Definition
A vacuum tube display device in which a focused beam of electrons is fired from a cathode at one end and steered onto a phosphor-coated screen at the other end, producing a visible image where the beam strikes the phosphor. In aviation, CRTs were the original technology behind glass cockpit displays such as electronic flight instrument systems (EFIS) and engine indicating systems, before being replaced by flat-panel LCDs.
Plain English
A type of screen that creates a picture by shooting a beam of electrons at a coated piece of glass. It is the same technology used in old televisions and computer monitors, and it was used in the first generation of glass cockpit displays.
Context Anchor
Seen in older aircraft instruments, radar displays, and maintenance test equipment that use tube-style electronic screens instead of modern flat-panel displays.
Derivation
Cathode comes from the Greek kathodos, meaning 'a way down' — the cathode is the negative electrode that electrons stream away from. Ray refers to the focused beam of electrons. Tube refers to the sealed glass vacuum envelope the whole device is built inside. Together: a tube containing a downward-flowing ray of electrons fired from the cathode.
Why Pilots Care
Technicians need to recognise CRT-based displays because they have different power, cooling, and failure characteristics than modern LCD units. CRTs run hot, draw more power, and can dim or distort with age, which affects troubleshooting and replacement decisions.
Analogy
A CRT is a little like drawing on a dark wall with a moving point of light.

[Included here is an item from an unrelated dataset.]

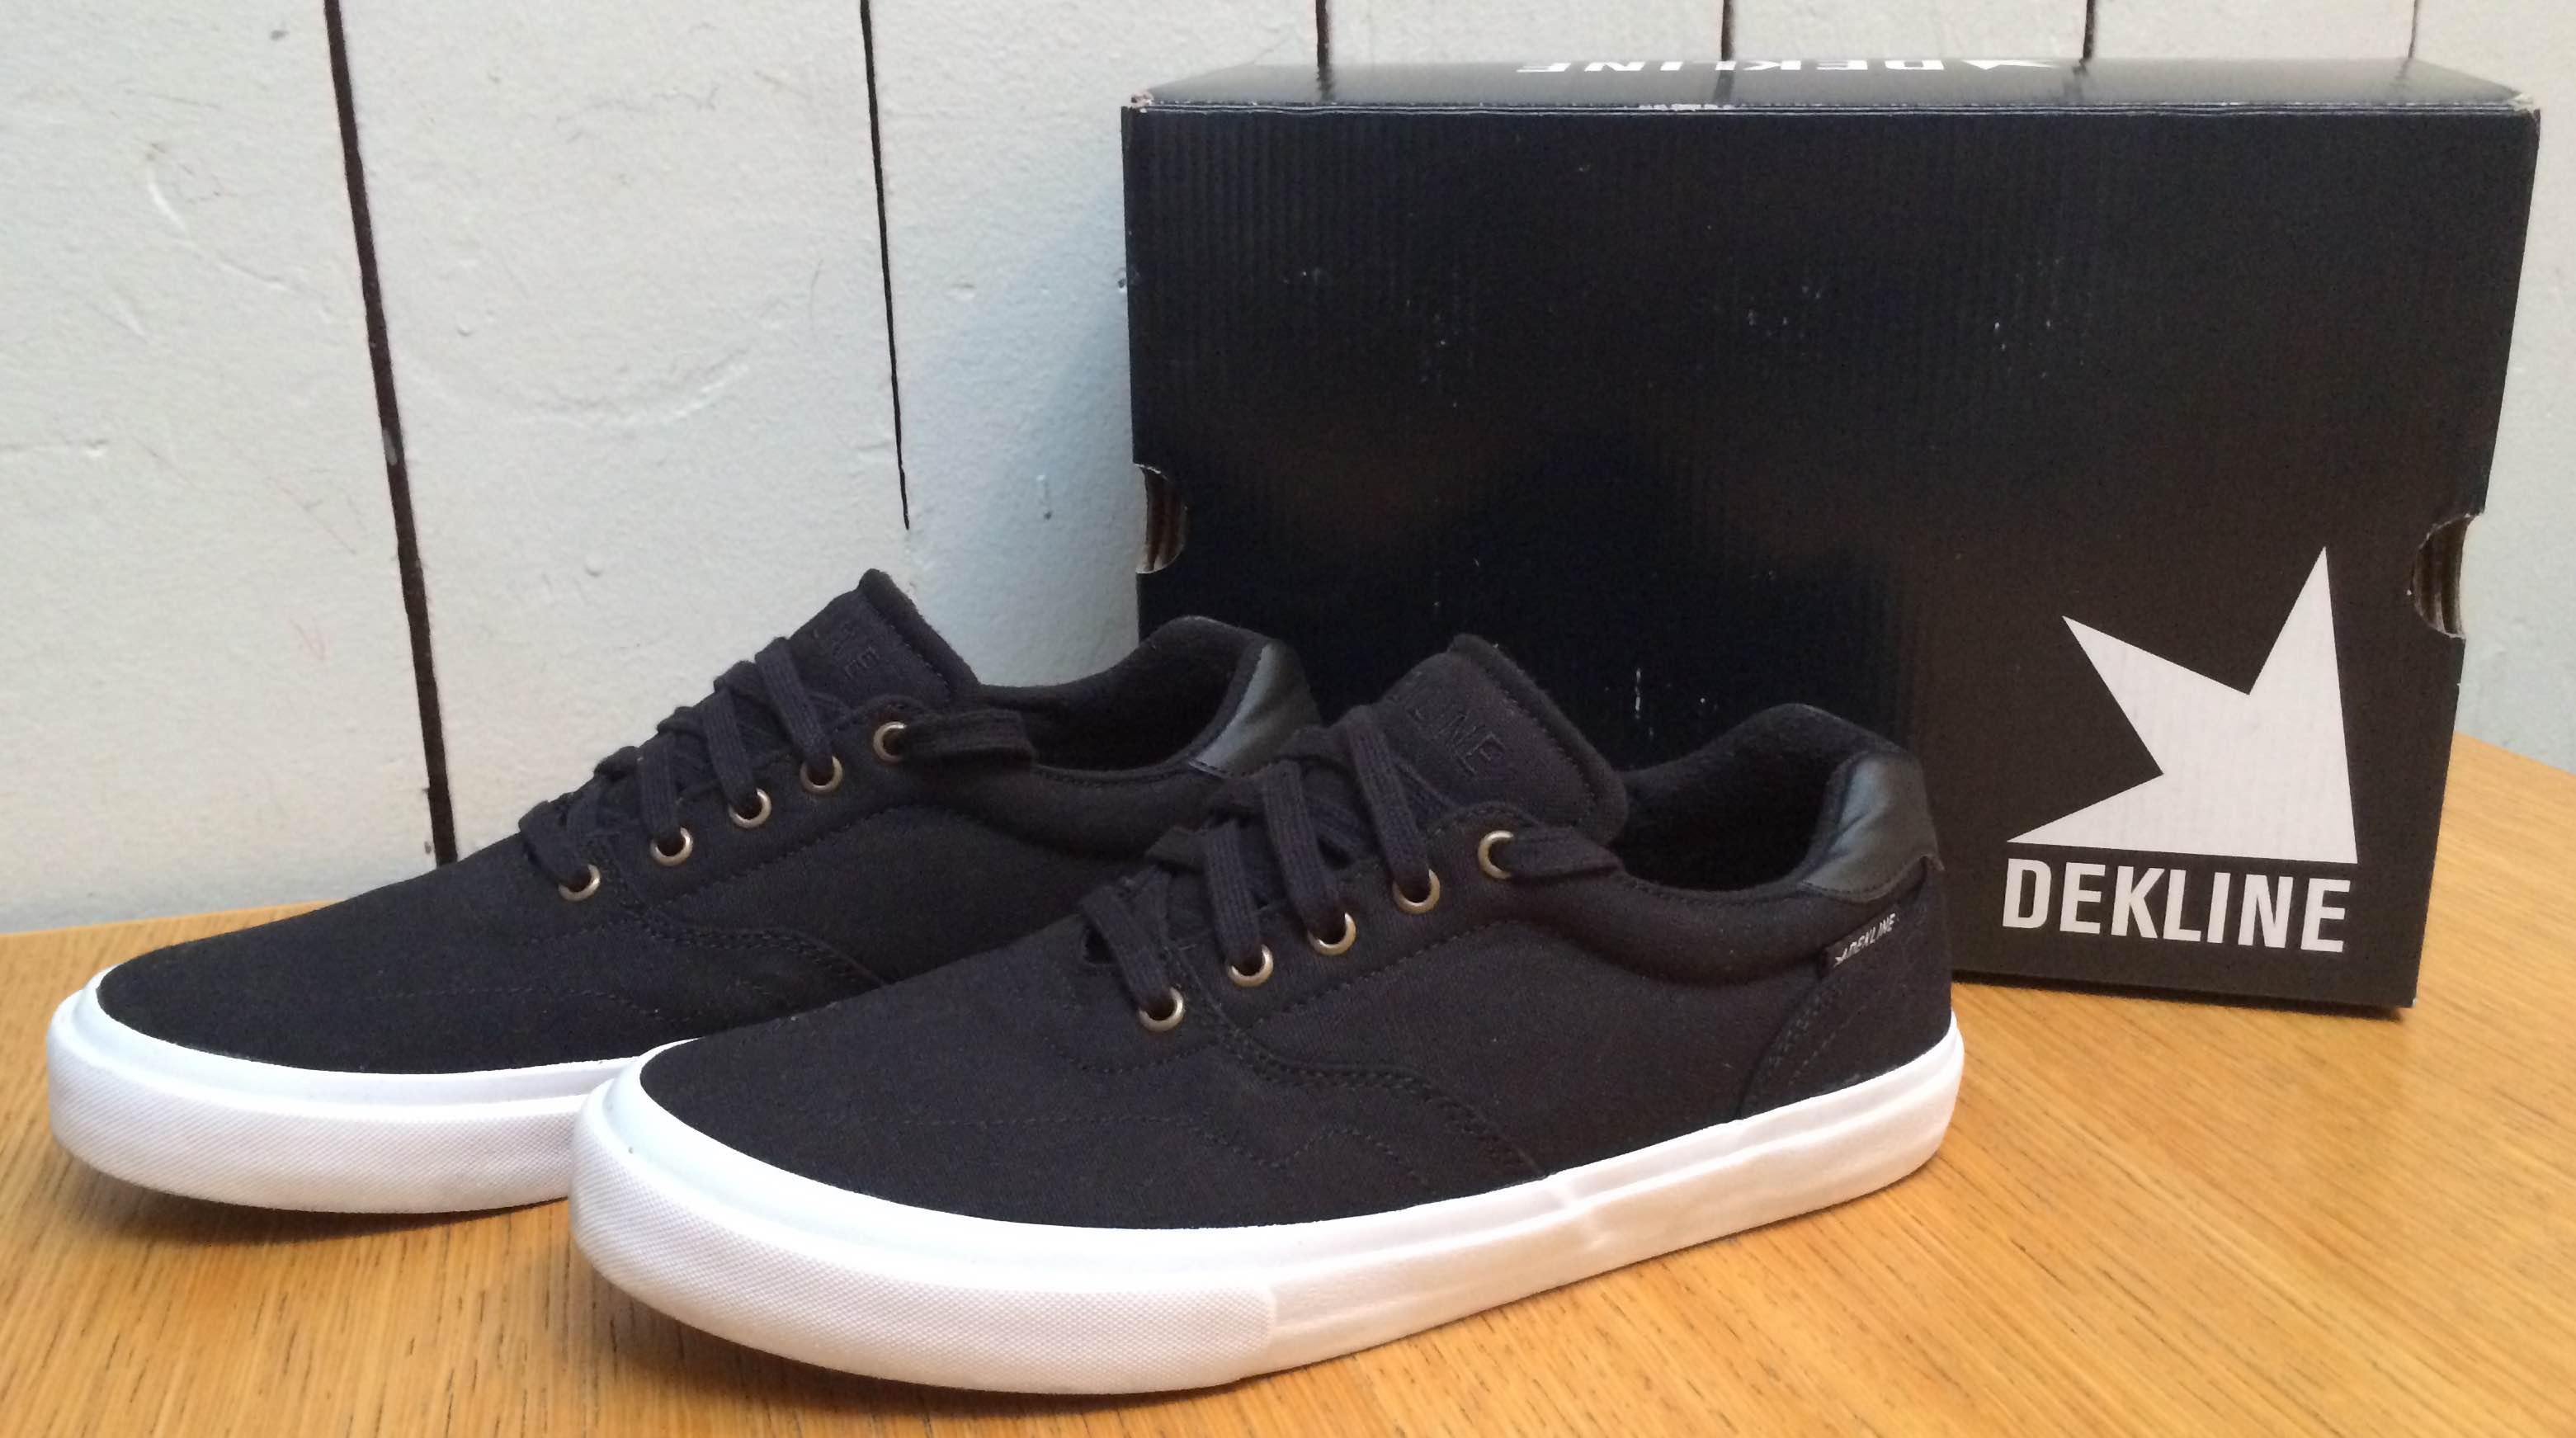 Dekline Vegan Skateboard shoes

The point moves very fast, and the glowing screen makes the picture appear.
Intuition Check
Do not think of a CRT as just the picture on the screen. The term means the tube-style display device that creates the picture.
Example Sentence 1
The technician replaced the failed CRT in the primary flight display with a modern LCD upgrade approved under the supplemental type certificate.
Example Sentence 2
Before LCD screens, many aircraft relied on CRT displays to show flight and engine data.